The insurance and reinsurance market is not looking at a “one year and done” rate increase situation, as a number of factors suggest there could be more to come, according to AXA XL CEO Greg Hendrick.
Hendrick believes that while we haven’t seen the kind of capital erosion required to turn this straight into a hard market, the fact profitability has sunk so low for insurers and reinsurers, while there is evidence that certain lines are underpriced, all suggests that while companies face a hard time making attractive results, some upwards pressure on rates will persist.
Speaking during a recent earnings conference call, Hendrick explained why he feels rates have plenty of reasons to continue firming.
He explained, “Pricing is heading in the right direction. If you went purely for the pricing component of this conversation, you would say a few more points and we’d be going into a hard market pricing environment.
“But to me, the hard market really happens when you’re dictating terms and conditions, when you’re making wholesale changes to the way the business is sold. We’re not there yet.”
He sees some of the rate movements as an industry-wide realisation that rates have been too low and so the repricing has been wholesale and more likely to be sustained in those classes as well. But it’s not yet the market-wide firming that many would like to see.
Hendrick continued, “We’re doing things in certain classes that need to happen because as an industry, the results have been challenging. But we’re not in that space yet of being able to say that at all in a measurable fashion.
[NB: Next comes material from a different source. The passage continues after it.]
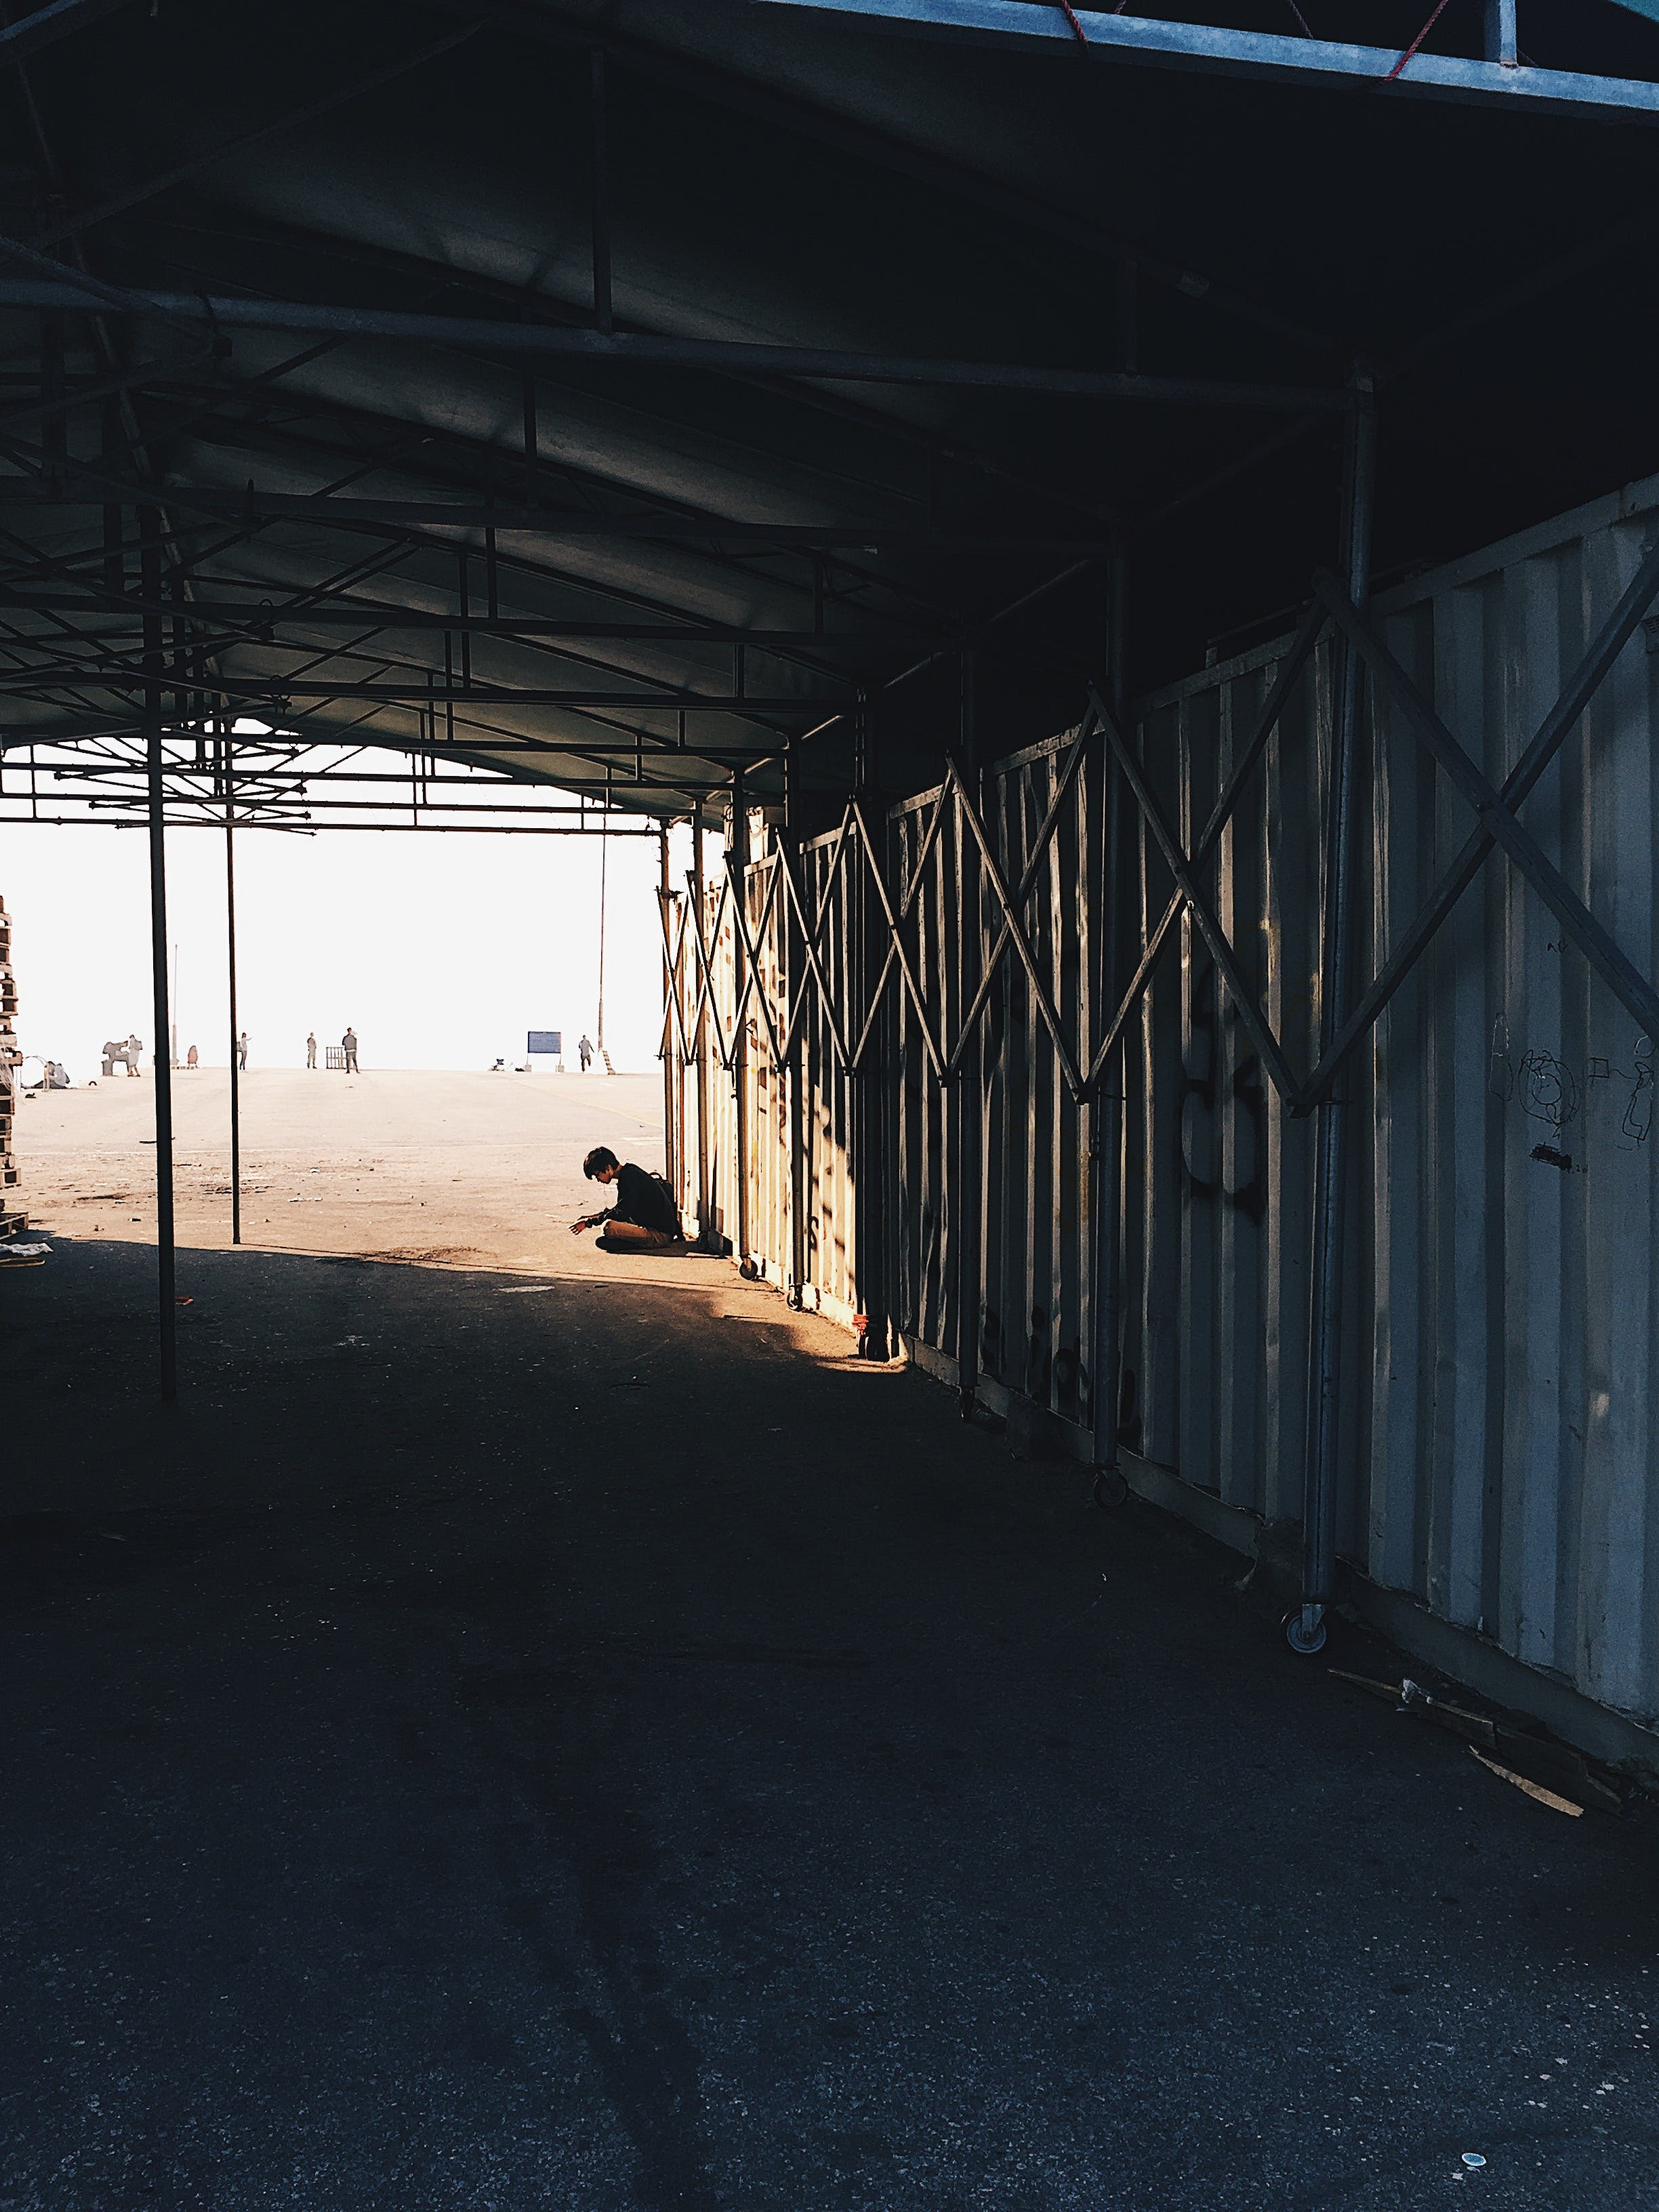 Free stock photo of pier, gate, alone, garage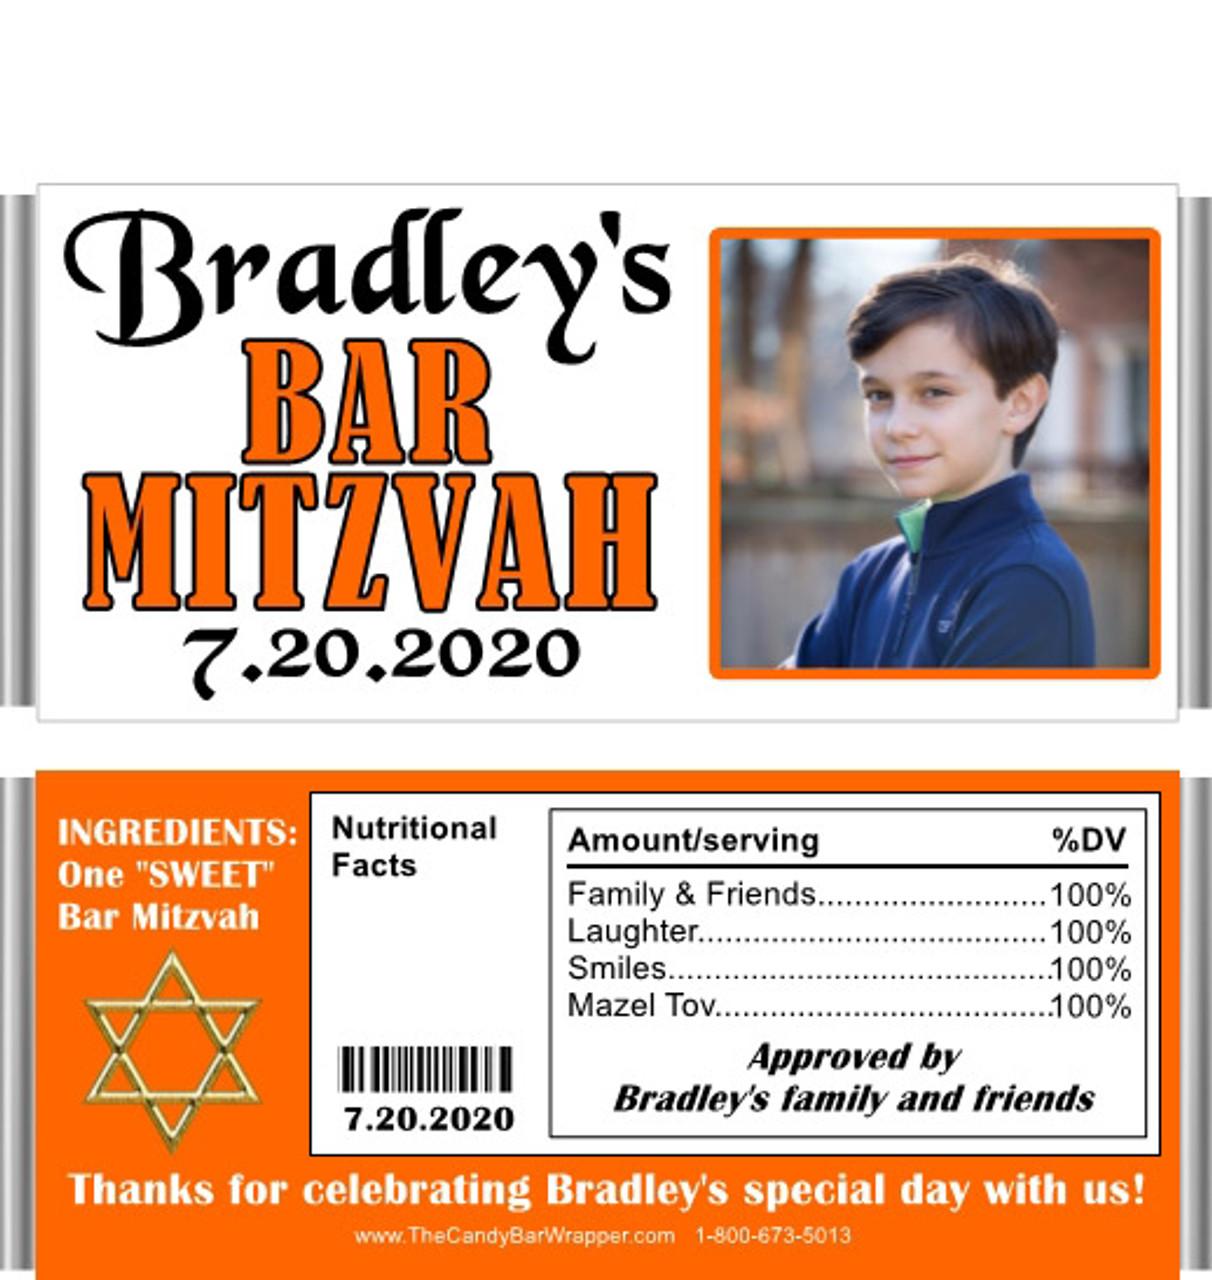 Bar Mitzvah Party Favors Bat Mitzvah Party Favors Custom Personalized Wedding Favors MINIMUM 100

“What would have to happen? It could be a continued drag on poor, under expectation, under hurdle-rate returns. But more likely, classically, it’s been some kind of capital event that causes that to happen.
“I haven’t seen a turn like this in 30 years of doing this. Hard without any capital destruction, effectively. So I think some more tough years of results will keep the momentum going, that’s why I’m pretty positive about it.”
Hendrick explained during the call that longer-tailed lines are continuing to feel the pain of lower yields on the investments side of the business, making it a challenge to remain profitable in those lines.
Alongside this, poor results in many lines of business and elevated losses in areas such as man-made events, are also exacerbating the situation for large re/insurers such as AXA itself.
“There’s a realization that, while we haven’t destroyed industry capital, we have put pressure on earnings and results. That is a very common theme,” Hendrick said.
“Brokers and clients are now accepting of the fact that the price of risk has gone up, that it needs to pay more.”
These factors have driven an understanding that the cost of risk has increased and people want to be compensated for that, which has driven greater industry resolve on pricing across more sides of the market as well.
“This is not a one year and done rate increase, certainly not for long-tail lines of business,” Hendrick said.